Chapter 20, Problem 43P

(a)

To determine

The expression for the magnetic field inside the solenoid.

Answer to Problem 43P

The expression for the magnetic field inside the solenoid is $\underset{\_}{B={\mu }_{0}nI}$.

Explanation of Solution

Write the equation of magnetic field from Ampere’s law.

  ${\displaystyle \oint \overrightarrow{B}.d\overrightarrow{l}}={\mu }_{0}NI$                                                                                                     (I)

Here, $B$ is the magnetic field, $dl$ is the elementary length, ${\mu }_0$ is the permeability of free space, $N$ is the number of loop and $I$ is the current.

Write the equation of the elementary length.

  ${\displaystyle \oint dl}=l$                                                                                                     .................. (II)

Here, $l$ is the length.

Write the expression for the number of turns per unit length.

  $n=\frac{N}{l}$                                                                                                                 (III)

Here, $n$ is the number of turns per unit length.

Conclusion:

Substitute $l$ for ${\displaystyle \oint dl}$ in equation (I) to find $B$.
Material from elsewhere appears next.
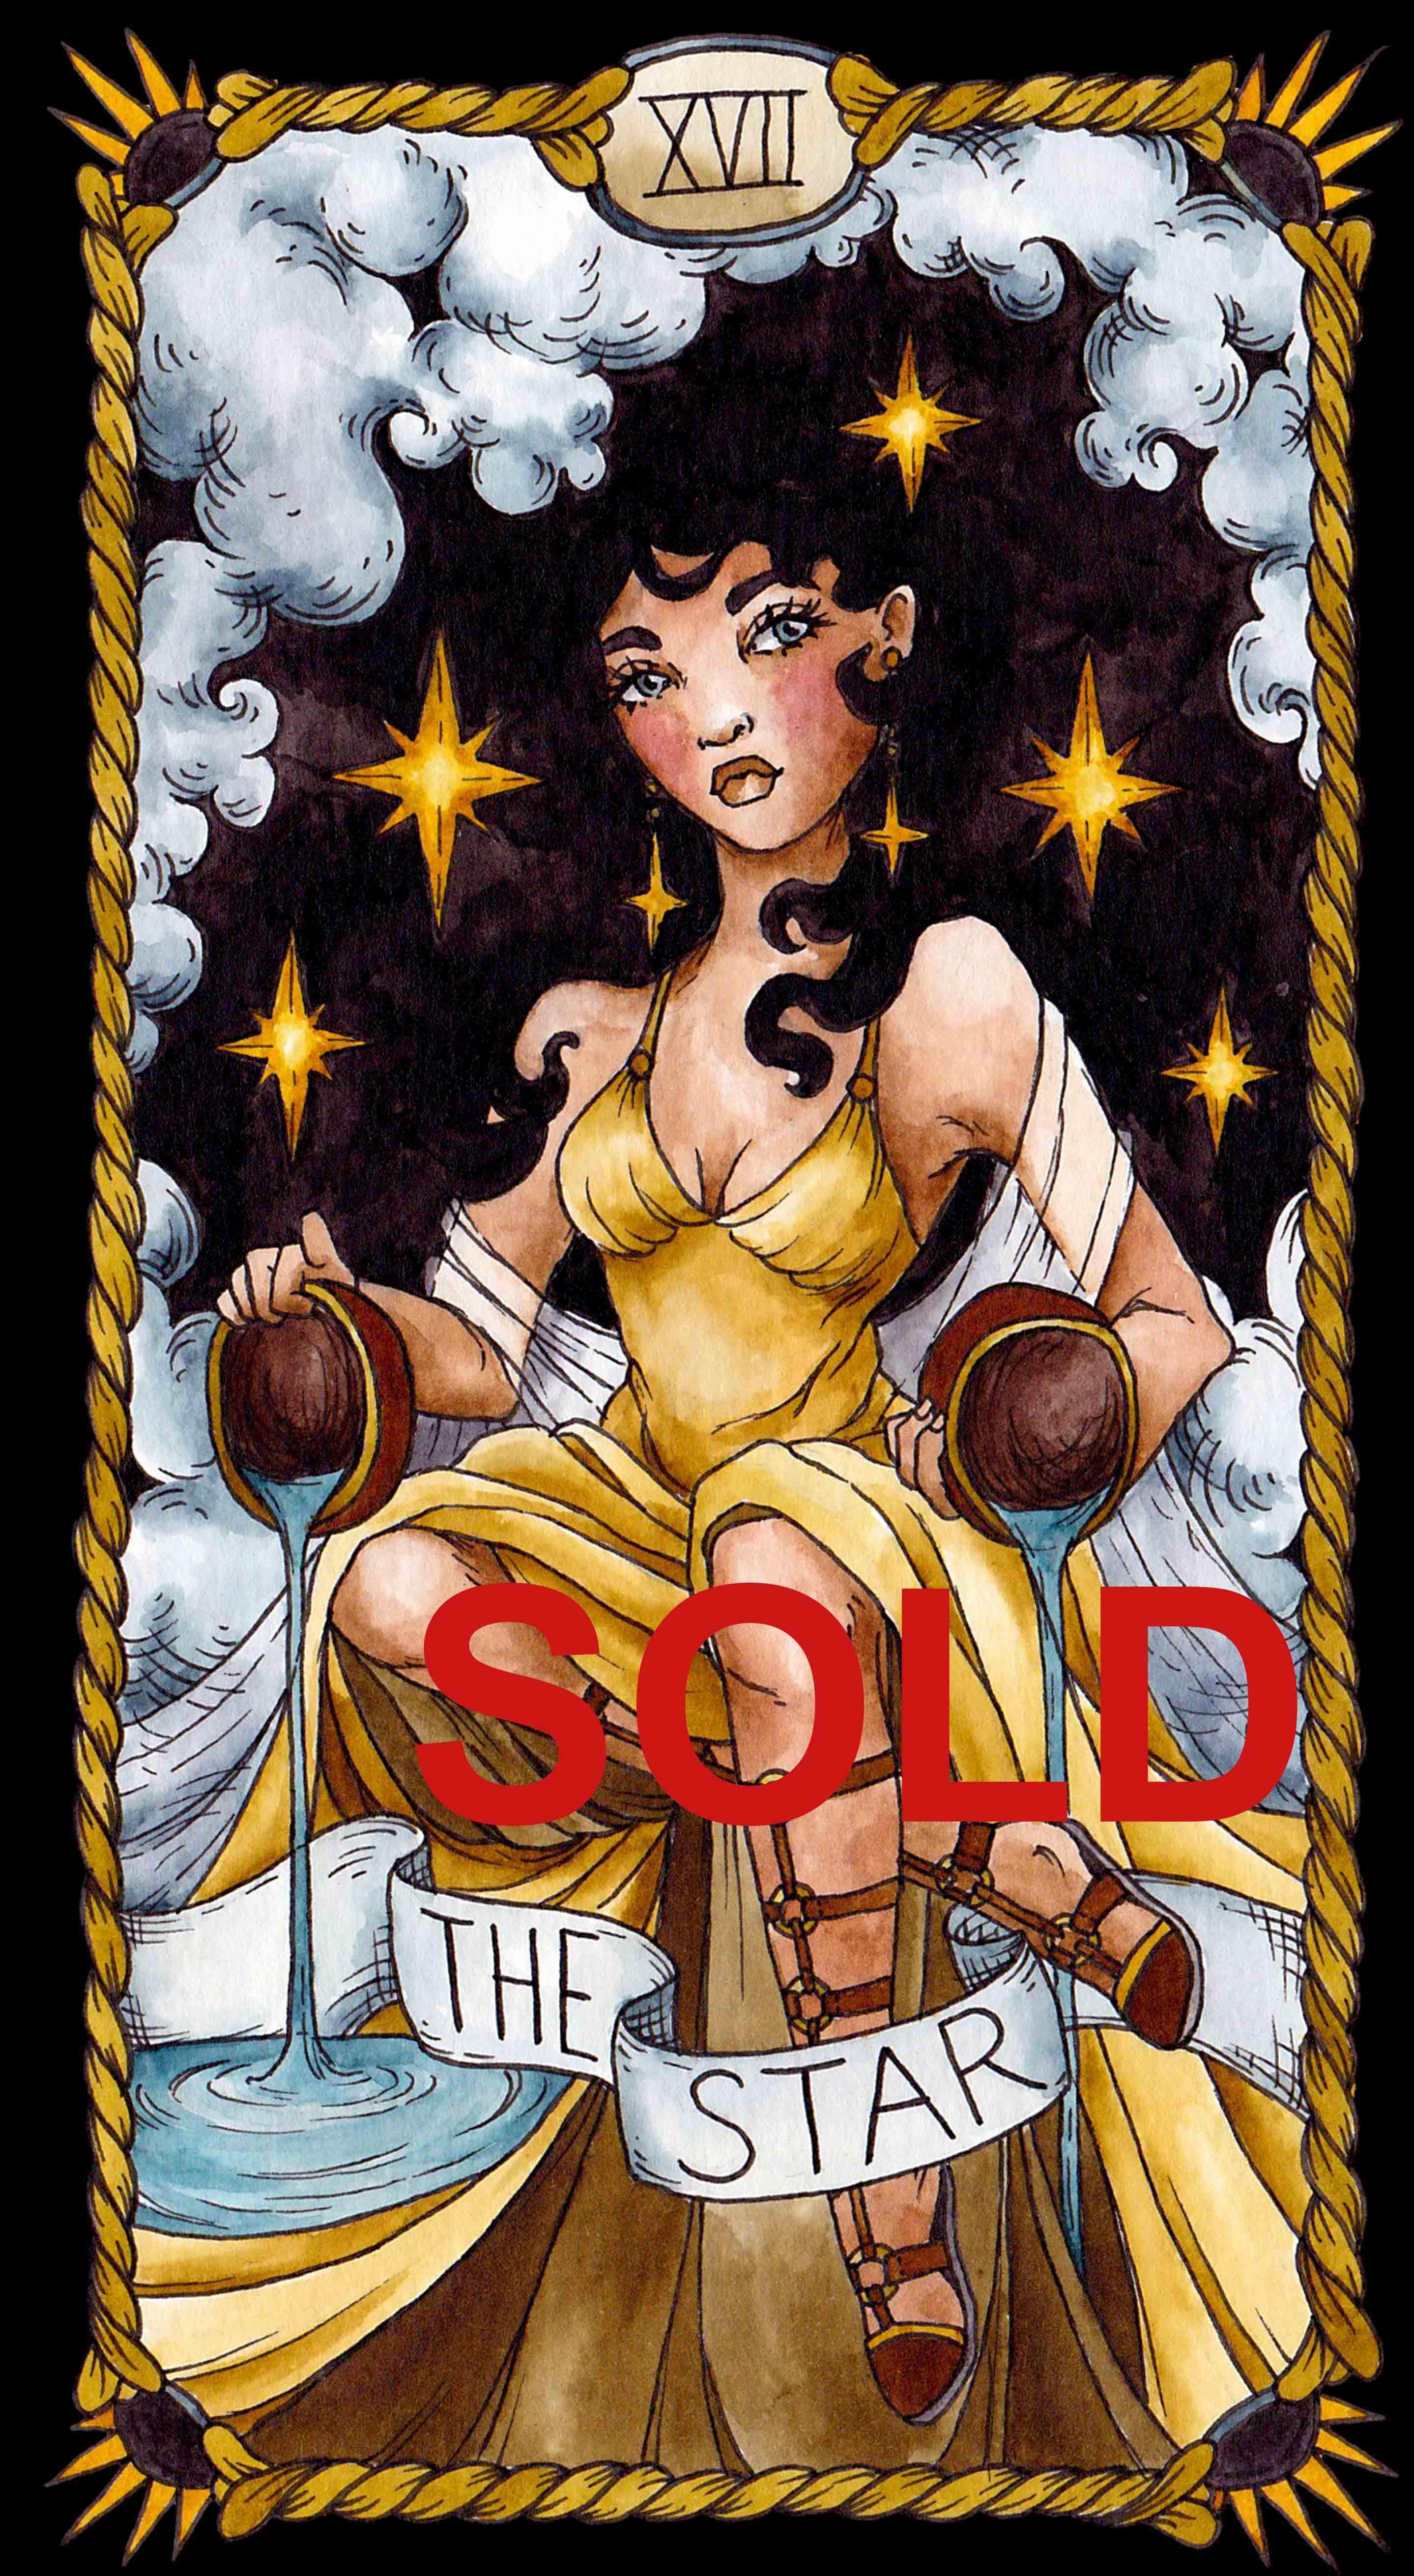 17.2 Star Sold

  $\begin{array}{c}B\left(l\right)={\mu }_{0}NI\\ B={\mu }_0\left(\frac{N}{l}\right)I\\ ={\mu }_{0}nI\end{array}$

Thus, the expression for the magnetic field inside the solenoid is $\underset{\_}{B={\mu }_{0}nI}$.

(b)

To determine

The expression of magnetic flux through one turn.

Answer to Problem 43P

The expression of magnetic flux through one turn is $\underset{\_}{\varphi =B\pi r^2}$.

Explanation of Solution

Write the equation of the magnetic flux.

  $\varphi =BA$                                                                                                              (IV)

Here, $\varphi$ is the magnetic flux and $A$ area of the loop.
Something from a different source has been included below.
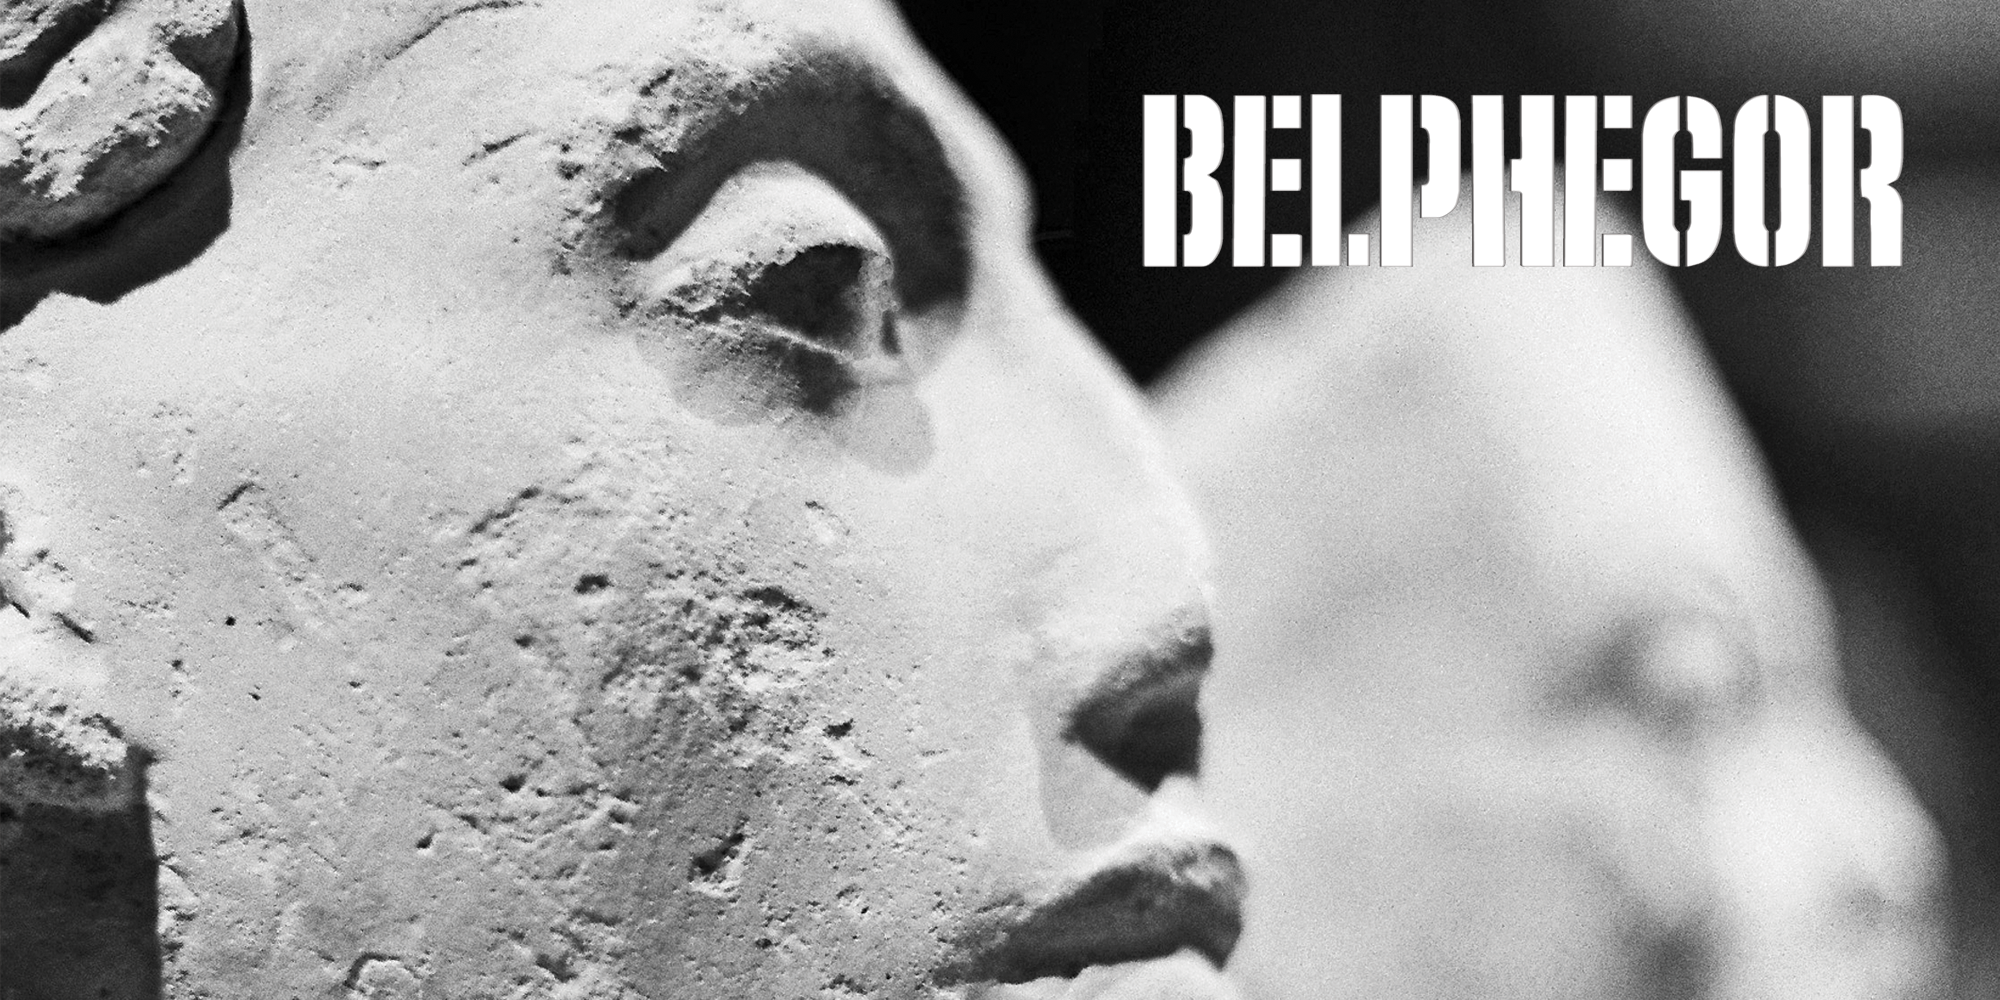 Belphegor expo Gilles Magin De natura rerum Arles 2018

Write the expression for the area of the loop.

  $A=\pi r^2$                                                                                                                (V)

Here, $r$ is the radius.

Conclusion:

Substitute, $\pi r^2$ for $A$ in equation (IV) to find $\varphi$.

  $\begin{array}{c}\varphi =B\left(\pi r^2\right)\\ =B\pi r^2\end{array}$

Thus, the expression of magnetic flux through one turn is $\underset{\_}{\varphi =B\pi r^2}$.

(c)

To determine

The total flux linkage through all turns of the solenoid.

Answer to Problem 43P

The total flux linkage through all turns of the solenoid is $\underset{\_}{N\varphi =NB\pi r^2}$.

Explanation of Solution

Considering the total number of turns of the coil is $N$.

Write the equation for the total flux.

  ${\varphi }_{\text{tot}}=N\varphi$                                                                                                           (VI)

Here, ${\varphi }_{\text{tot}}$ is the total number of flux.

Conclusion:

Substitute, $B\pi r^2$ for $\varphi$ in equation (VI).

  $\begin{array}{c}{\varphi }_{\text{tot}}=N\left(B\pi r^2\right)\\ =NB\pi r^2\end{array}$

Therefore, the total flux linkage through all turns of the solenoid is $\underset{\_}{N\varphi =NB\pi r^2}$.

(d)

To determine

The expression for the self inductance of the solenoid.

Answer to Problem 43P

The expression for the self inductance of the solenoid is $\underset{\_}{L={\mu }_0{n}^2\pi r^{2}l}$.

Explanation of Solution

Write the equation from definition for the self inductance.

  $N\varphi =LI$                                                                                                          (VII)

Here, $L$ is the self-inductance.

Conclusion:

Substitute, $B\pi r^2$ for $\varphi$, ${\mu }_{0}nI$ for $B$ and $nl$ for $N$ in equation (VII).

  $\begin{array}{c}\left(nl\right)\left(B\pi r^2\right)=LI\\ \left(nl\right)\left({\mu }_{0}nI\right)\pi r^2=LI\end{array}$

Rewrite the equation to find $L$.

    $L={\mu }_0{n}^2\pi r^{2}l$

Therefore, the expression for the self inductance of the solenoid is $\underset{\_}{L={\mu }_0{n}^2\pi r^{2}l}$.